Fine-Tuning a Pre-Trained BERT Model for Intent Classification2

This code fine-tunes a pre-trained BERT model, specifically the ParsBert model, for intent classification on a custom dataset. The dataset consists of text samples with corresponding labels, where each label represents a specific intent.

The code defines a custom dataset class IntentDataset to load and preprocess the data, and a custom classifier model ParsBertClassifier that builds upon the pre-trained BERT model. The classifier model adds a dropout layer and a linear layer on top of the BERT model to output probabilities for each intent class.

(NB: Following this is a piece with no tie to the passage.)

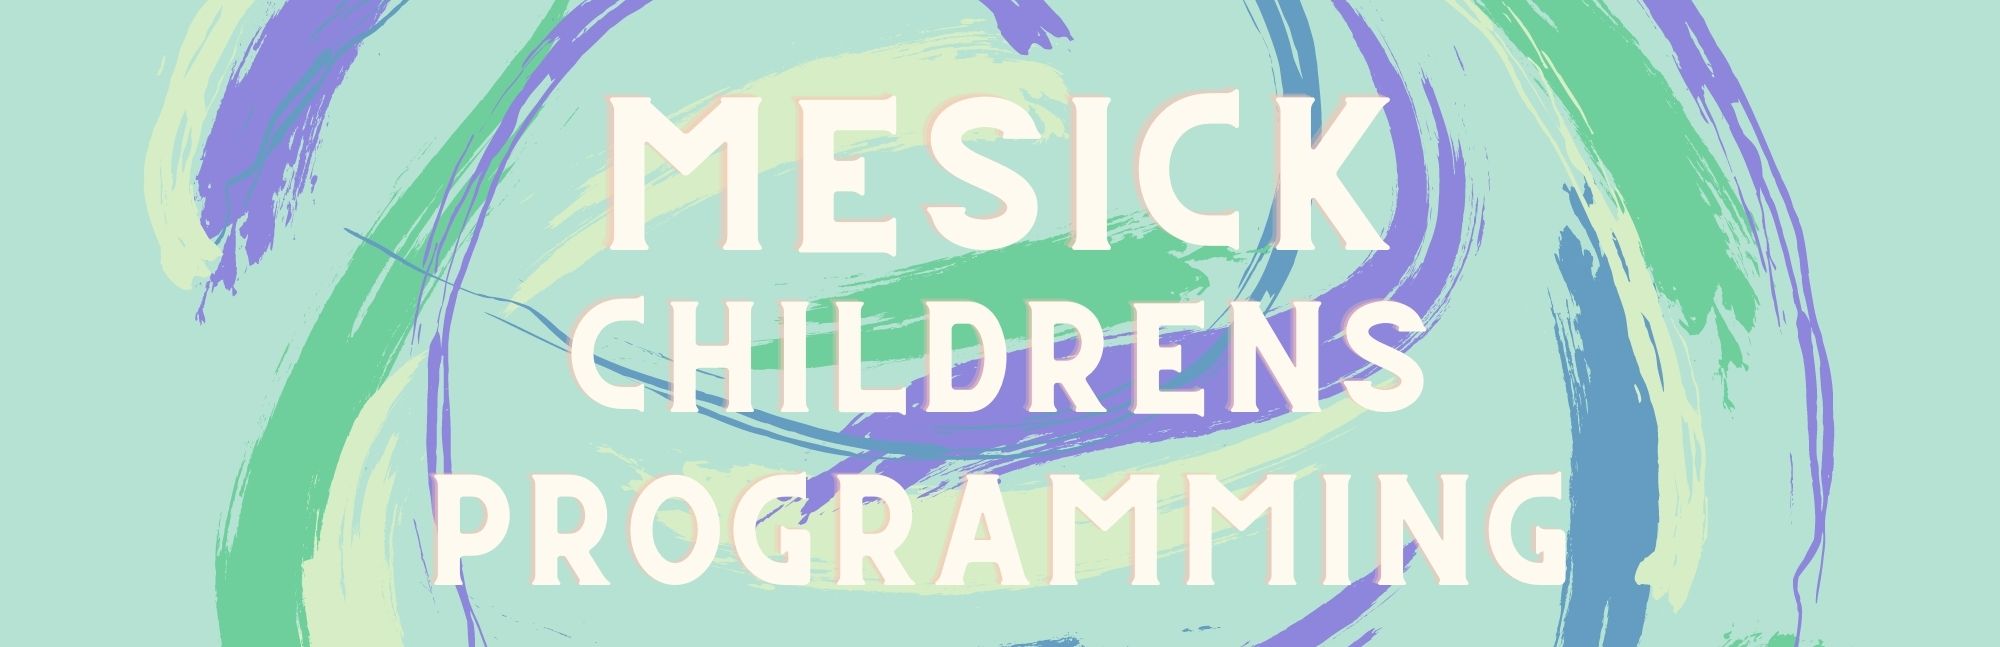 Mesick Children Programs.jpg

The code then loads the pre-trained BERT model and tokenizer, creates a dataset and data loader for the training data, and defines the training parameters, including the optimizer and learning rate.

The model is trained for 3 epochs using the Adam optimizer and cross-entropy loss. The model is evaluated on the training data after each epoch, and the loss is printed to track the training progress.

After training, the model is fine-tuned and ready to be used for intent classification on new, unseen data.

In [None]:
!pip install -qU hazm

In [None]:
from transformers import AutoConfig, AutoTokenizer, AutoModel
from torch.utils.data import DataLoader, Dataset
import torch

config = AutoConfig.from_pretrained("HooshvareLab/bert-base-parsbert-uncased")



def parsbert_ner_load_model(model_name):
    """Load the model"""
    try:
        config = AutoConfig.from_pretrained(model_name)
        tokenizer = AutoTokenizer.from_pretrained(model_name)
        model = TFAutoModelForTokenClassification.from_pretrained(model_name)
        labels = list(config.label2id.keys())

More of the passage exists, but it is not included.